No one in Lavaris Nelson’s family had ever graduated from college, and for much of her life, it seemed like the universe was determined to keep her from getting a degree, too.
But on Sunday at the Irwin Belk Complex, the 31-year-old single mother of two capped a long and arduous personal journey to academic success, graduating cum laude as a social work major from Johnson C. Smith University. Nelson was among 251 in the class of 2013, and one of 10 members of the first graduating class of Metropolitan College, which offers undergraduate degree programs at JCSU for adults who require more flexibility than traditional students.
Flexibility was important for Nelson, who needed to take classes at night because she had a full-time day job as a patient account representative for Carolinas Medical Center – a job that fed and clothed her daughters, 13-year-old Isis and 11-month-old Isla.
In her final semester, determined to walk with her class this spring, she took nine classes. The average college student takes four to five.
“They only walk once a year (at JCSU),” Nelson said. “I could have graduated in December, but I wouldn’t have been able to walk until May of 2014. I wanted to walk. I had to walk. I had to be done, because I want to go on and get my master’s. I’ve waited long enough. I’ve wasted enough time. I’m 31. I’m not getting any younger.”
Nelson was born and raised in Augusta, Ga., and her family bounced around to several residences, some of which her mother was evicted from. A strained relationship with her mother got worse when Nelson was a teen; she moved out and started living with a boyfriend at age 16, got pregnant at 17 and had Isis at 18.
A tough road back to school
She graduated from high school but didn’t give college a try for two years, enrolling as a pre-nursing student at Georgia Military College in Milledgeville.
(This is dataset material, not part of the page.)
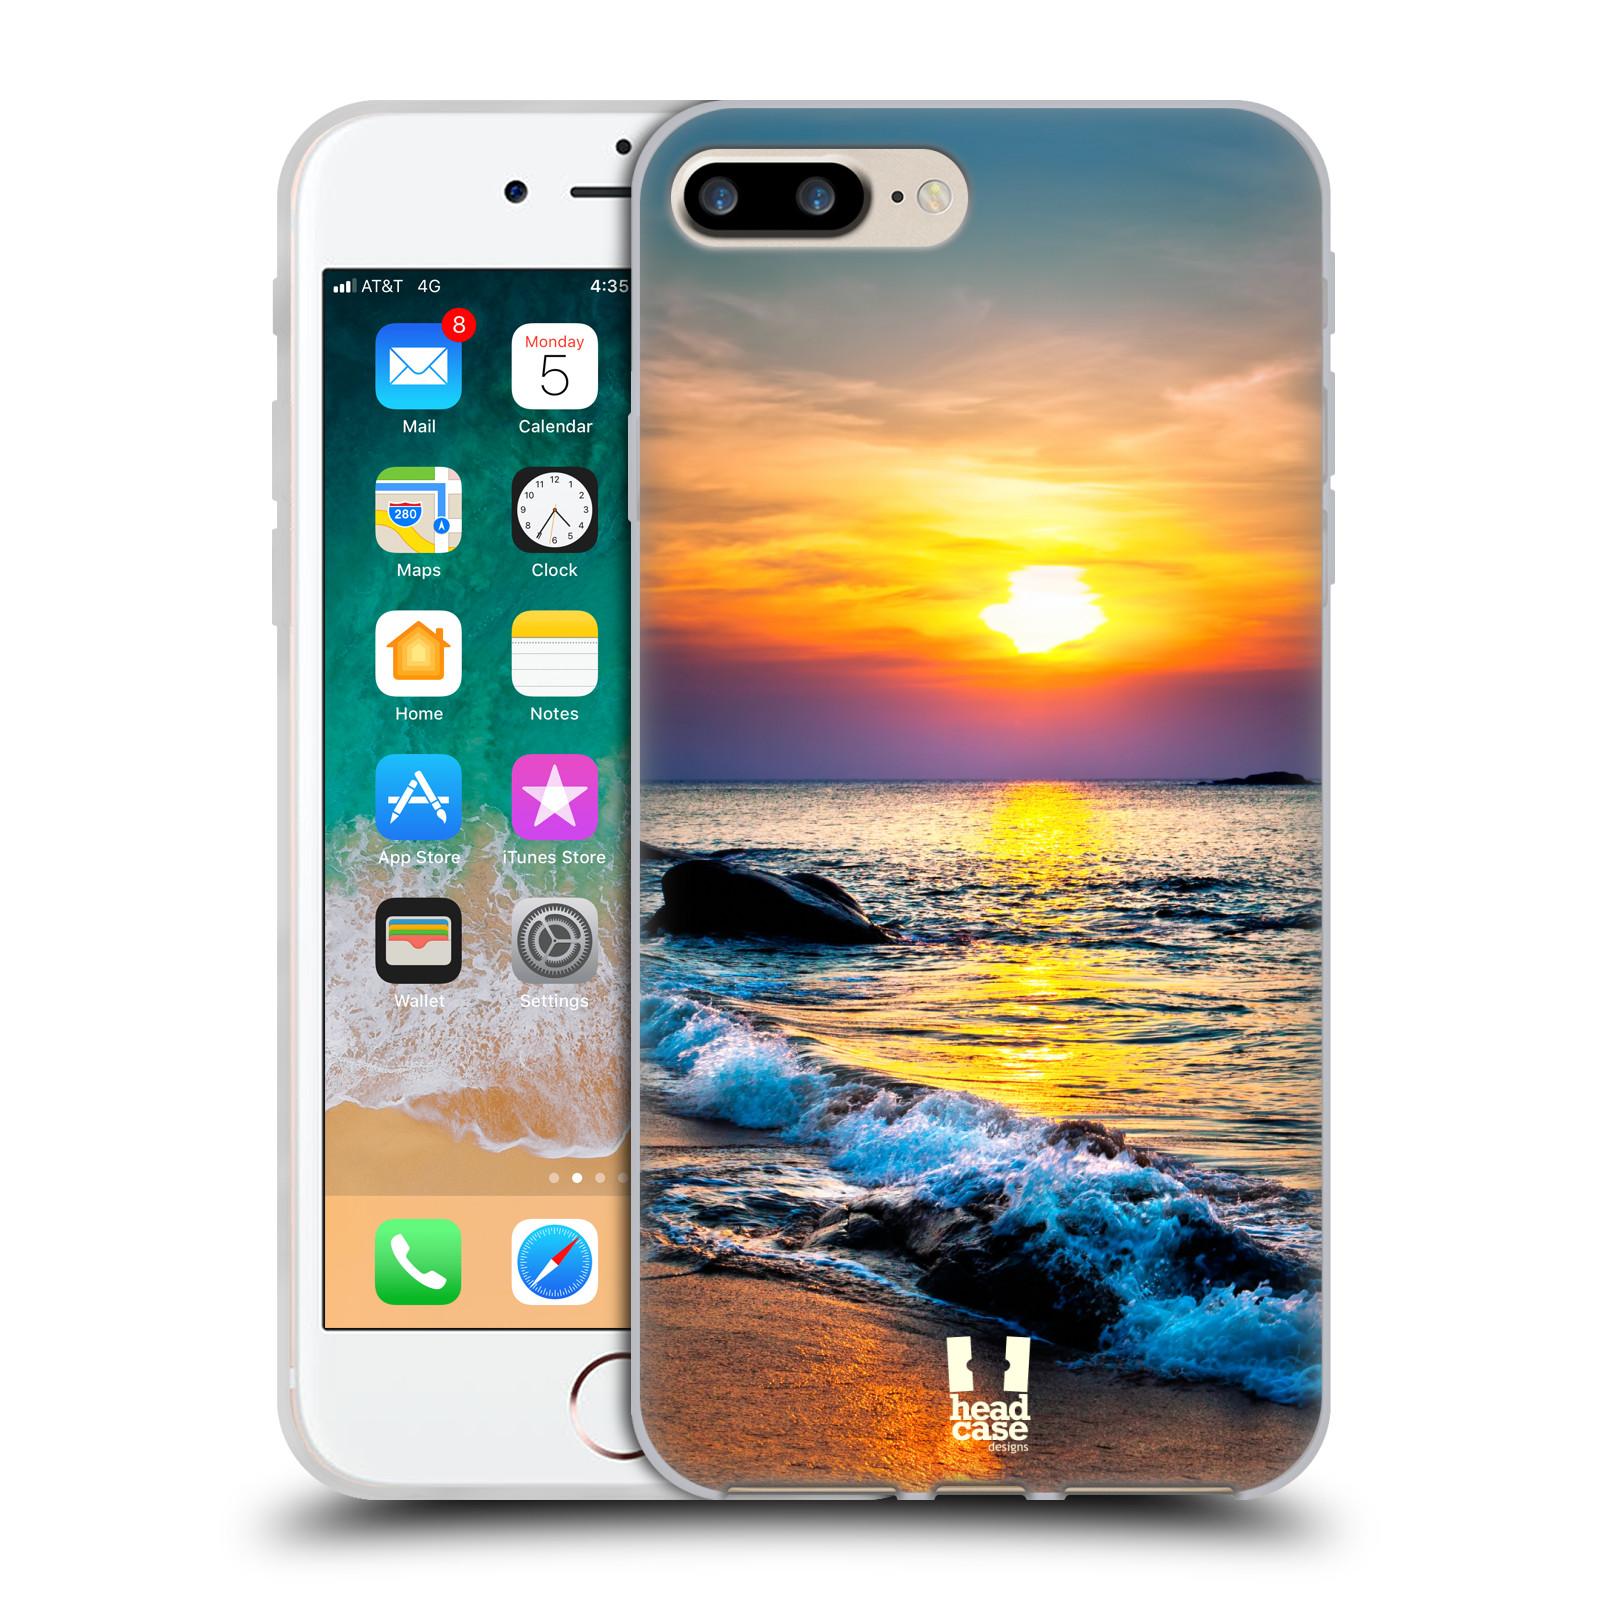 HEAD CASE silikonový obal na mobil Apple Iphone 7 PLUS vzor Pláže a Moře barevný západ slunce

It was a disaster.
“It was not the right time. It was my daughter, family stress, just a lot of different factors that came into play. I could not focus at all. My GPA there was, like, a 1.5.” Before her first year was over, she simply stopped going to class.
A breakup with Isis’ father followed, and soon after Nelson moved her daughter to Charlotte in 2004 in search of a fresh start. She took a job at BellSouth Security Systems in Matthews, then started working at an Old Navy retail store in the evenings.
By 2006, she was re-focusing. She was hired as a secretary in the neuroscience unit at Presbyterian Hospital, then enrolled at Rowan-Cabarrus Community College to take more courses required for nursing school. Her grades improved dramatically.
But it was another five years before Nelson finally fully committed to pursuing her degree. In 2011, she enrolled full-time at Metropolitan College, where an introduction to social work class altered – and gave clarity to – her career path.
“That’s when I realized what I wanted to do,” she said. “As a single mother, you don’t make as much. I had to apply for food stamps, Medicaid ... there was no way that I would have been able to maintain my household without applying for those things. So I knew how it felt to be on the other side, and I wanted to help people.”
Yet her struggles continued. Last May, she welcomed another daughter into the world; but the father – a man she had known for five years – decided that he wanted nothing to do with Isla.
“I think it’s the hardest thing I ever had to do,” Nelson said of raising two girls while working full time and going to school. “I actually thought about quitting.”
But in the end, she stuck it out. She took some maternity leave from work but didn’t interrupt her studies.
On April 8, Nelson took a new job in customer service at Charlotte’s Crisis Assistance Ministry, helping people in the types of situations she used to face. She plans to take the summer off, then start working on her master’s – maybe at UNC Charlotte, maybe online through the University of Southern California.
Her professional goal is to work as a licensed clinical therapist with at-risk youth. Her personal goal? To make sure that Isis and Isla are never at-risk themselves.
“I want to be an inspiration to my girls,” Nelson said. “I want them to be able to say, ‘My mom, she may have been a single mother, but she went to school, she got her degree.’ I talk to my (older) daughter about my situation. I’m not trying to hide it. I tell her, this is why you should wait to have kids till you finish your degree and get married.”